We’ve all been there. You’re minding your business and your budget, when out of nowhere, one of your friends suggests a girls trip; or you get an invite to be a bridesmaid; or your friends want to go to dinner somewhere a little out of your budget. You buck up the courage to say no to a financial ask and then, BOOM — you get hit with money peer pressure. If this has happened to you, remember, you’re not the only one; millennials in particular struggle with this. According to a 2018 Credit Karma study, 40 percent of that generation have not only overspent to keep up with their friends, but have gone into debt to do so.
Money is extremely personal. How we earn it, how we spend it, and how we view its value varies vastly, which is why it’s nearly impossible to judge what someone can and can’t afford; or more importantly, what they want to afford. That’s why 2020 is the year that money peer pressure needs to go away for good.
Why it can be so damaging
Let’s start with the surface-level outcome. What is the best-case scenario of guilting someone into spending money they don’t want to spend? The best outcome you can hope for is that someone is lying about their budget. Then you coerce them into coming to a social event they don’t want to go to or buying something they don’t need. Yay? Worst case scenario, you help them make a really poor financial decision that can cause them financial stress and to spend money they should be saving.
From a financial level, the negative affects are crystal clear. They may go into credit card debt, derail their budget, or not be able to reach a financial goal. The emotional results may be less obvious, but can be even more damaging. The same Credit Karma study referenced above found that someone who has succumbed to financial peer pressure is likely to feel a lot of regret, the effects of which can carry over into other areas of their life. On top of all that, they may begin to resent the friend who pressured them in the first place.
How to recognize if you’re the guilty party
It’s super easy to recognize when you’re feeling pressured to spend money, but what about when you are the financial bully and you don’t even realize it? We’ve all done it, so don’t worry — you’re not a villain. As long as you aim to be more thoughtful moving forward, you’ll stay in everyone’s good graces.

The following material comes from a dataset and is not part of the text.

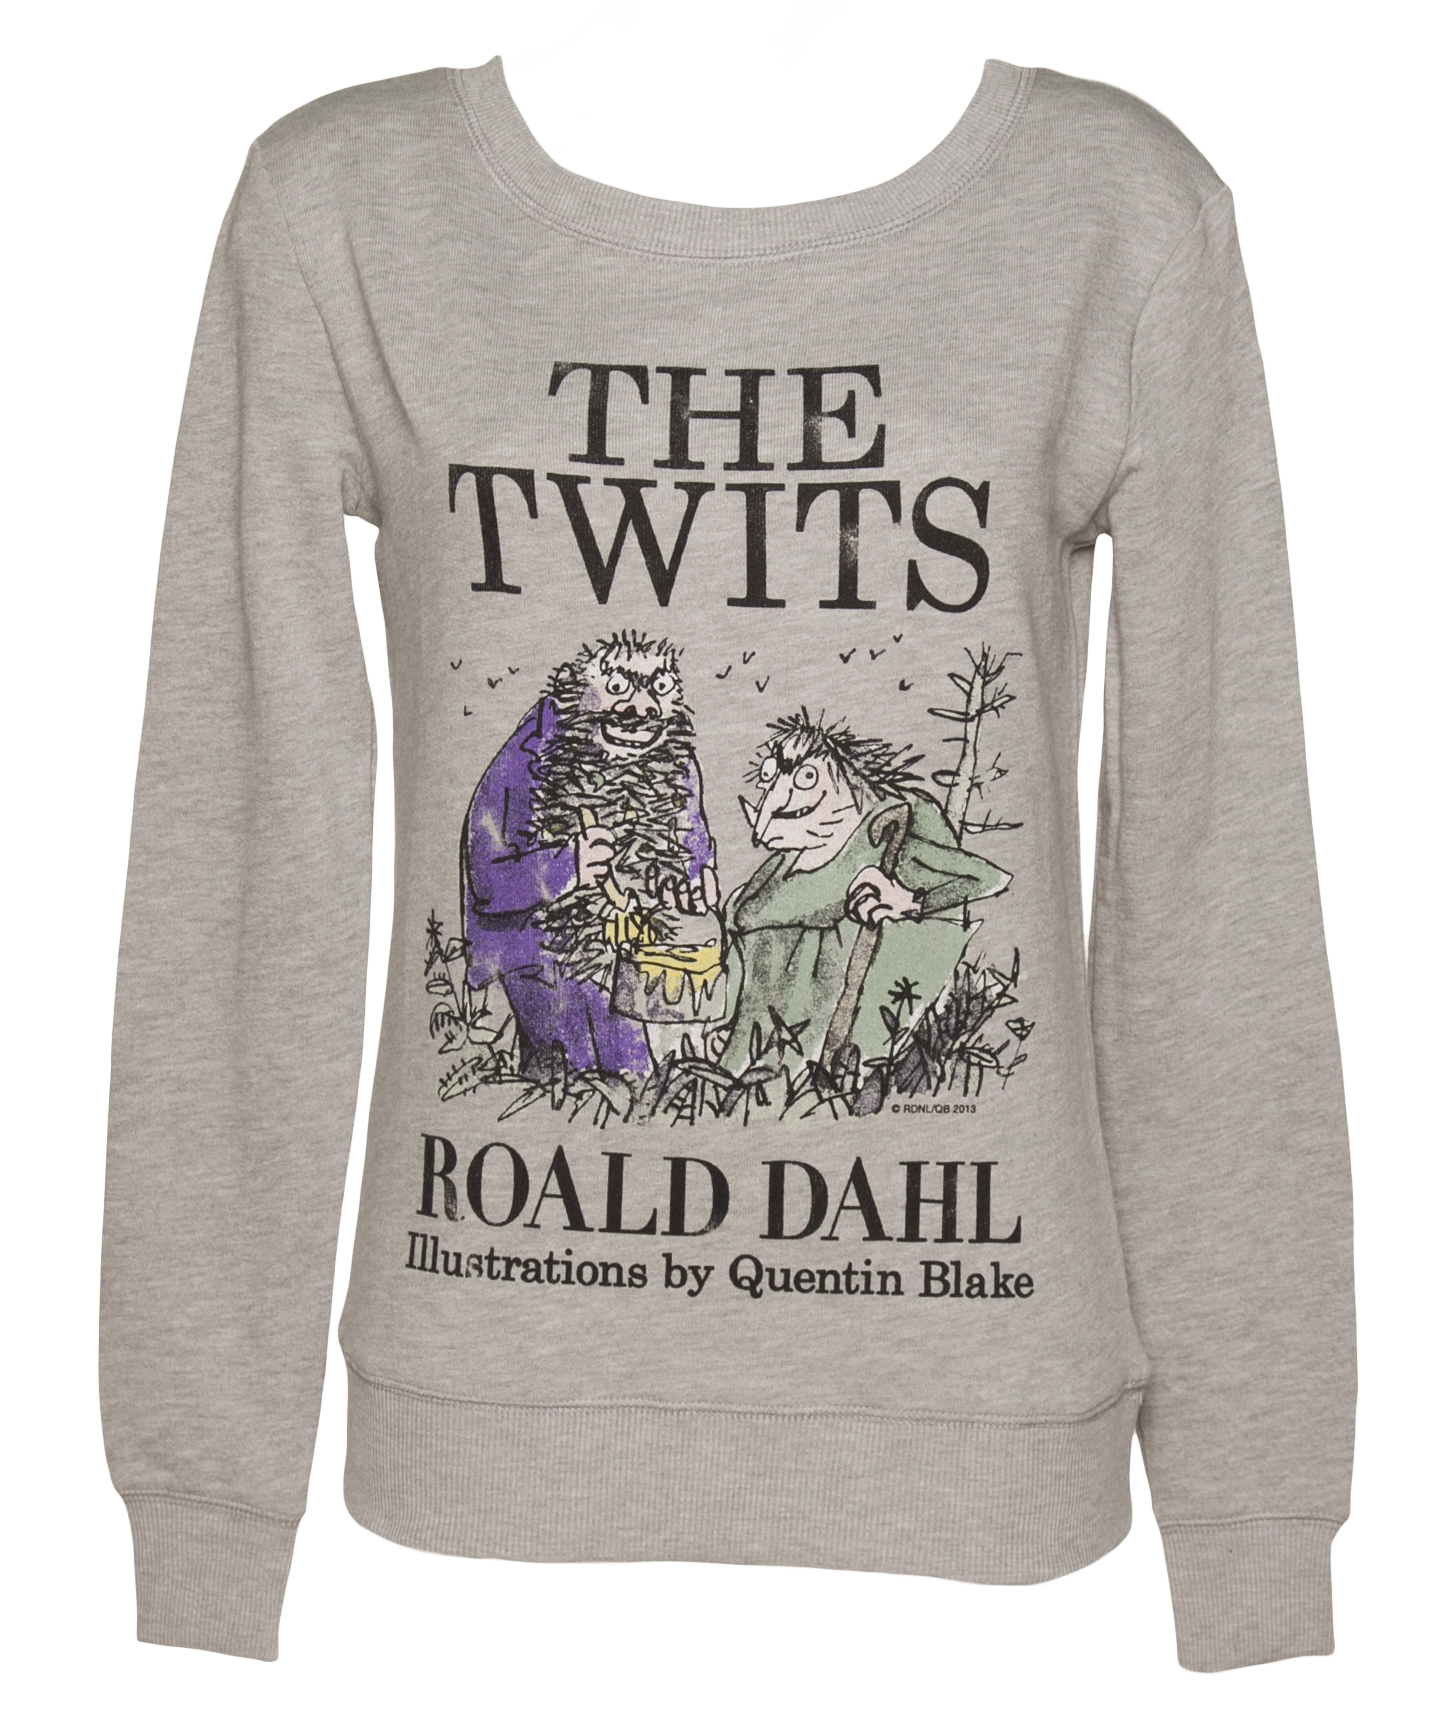 TruffleShuffle Ladies Roald Dahl The Twits Sweater

Next time you find yourself in a situation where someone is making vague excuses not to do something, take a step back. Don’t push them and don’t try to convince them of anything. A 2018 Northwestern Mutual study found that more than a quarter of Americans feel depressed due to financial anxiety at least once a month. 45 percent of respondents said that a negative result of that anxiety is missed events with friends, family, or coworkers, which means their finances very well could be why they’re declining your invitation.
If you want to find out if money is the issue without directly asking them that, try to shift your plans to something more affordable. Chances are, someone in your group will be glad for the financial break. If your friend can suddenly attend an event or participate in a lower-budget Galentine’s Day gift swap, then you’ve correctly identified the problem — not to mention you’ve found a solution without prying into their financial life.
Look back on past social scenarios, chances are, you can remember a few moments where you tried to convince a friend that something was a good deal or an investment worth making. That is money peer pressure, even if you meant well. Do you always encourage friends to order that second drink or to join you on a well-deserved spa day? That’s financial peer pressure. Try to recognize these past scenarios so you can try to avoid them moving forward.
Look back on past social scenarios, chances are, you can remember a few moments where you tried to convince a friend that something was a good deal or an investment worth making. That is money peer pressure, even if you meant well.
What you can do to stop money peer pressure in its tracks
If you find yourself feeling pressured, remember your friends don’t want you to feel bad. Usually, money peer pressure stems from a place of inclusion. They sincerely want you to go to brunch or head to Las Vegas with them. You have to remember that they probably have a different perspective on spending than you do. Maybe they aren’t saving for a house right now or don’t have any student loans to worry about. Perhaps they simply don’t believe in saving for a rainy day. They could have gotten a big raise at work and aren’t thinking about how other people may not be in the same financial place as them. Point being, try not to be angry; instead, try to be honest.
Don’t start your honesty once you’re presented with an expense you don’t want to pay for, begin in advance by having open financial conversations with your loved ones. Share your financial goals and struggles. If you pretend you’re keeping up with the Joneses just fine, then chances are, your friends or family will feel a little blindsided when you want to skip a trip or social outing. If you try to include them on your financial hopes and dreams, they’ll most likely be your biggest support system.
When someone is really financially pushy
Dealing with a pushy friend can be a challenge, there is no denying that. In fact, nearly 30 percent of millennials feel discomfort at the idea of saying “no” when someone suggests an experience or activity that they really can’t afford. If someone really is pushing for you to spend money you can’t afford to spend, you don’t have to go into detail about your reasoning for declining. Simply say you’ll have to pass this time, but thank you for the invite. Then, offer up a more affordable alternative to show that money really is the only reason you’re turning them down. If they still try to convince you at that point, remove yourself from the conversation, because clearly your message isn’t getting through — and that is on them, not you. Protecting your financial health is important, and at the end of the day, you get the final say in how you spend your money.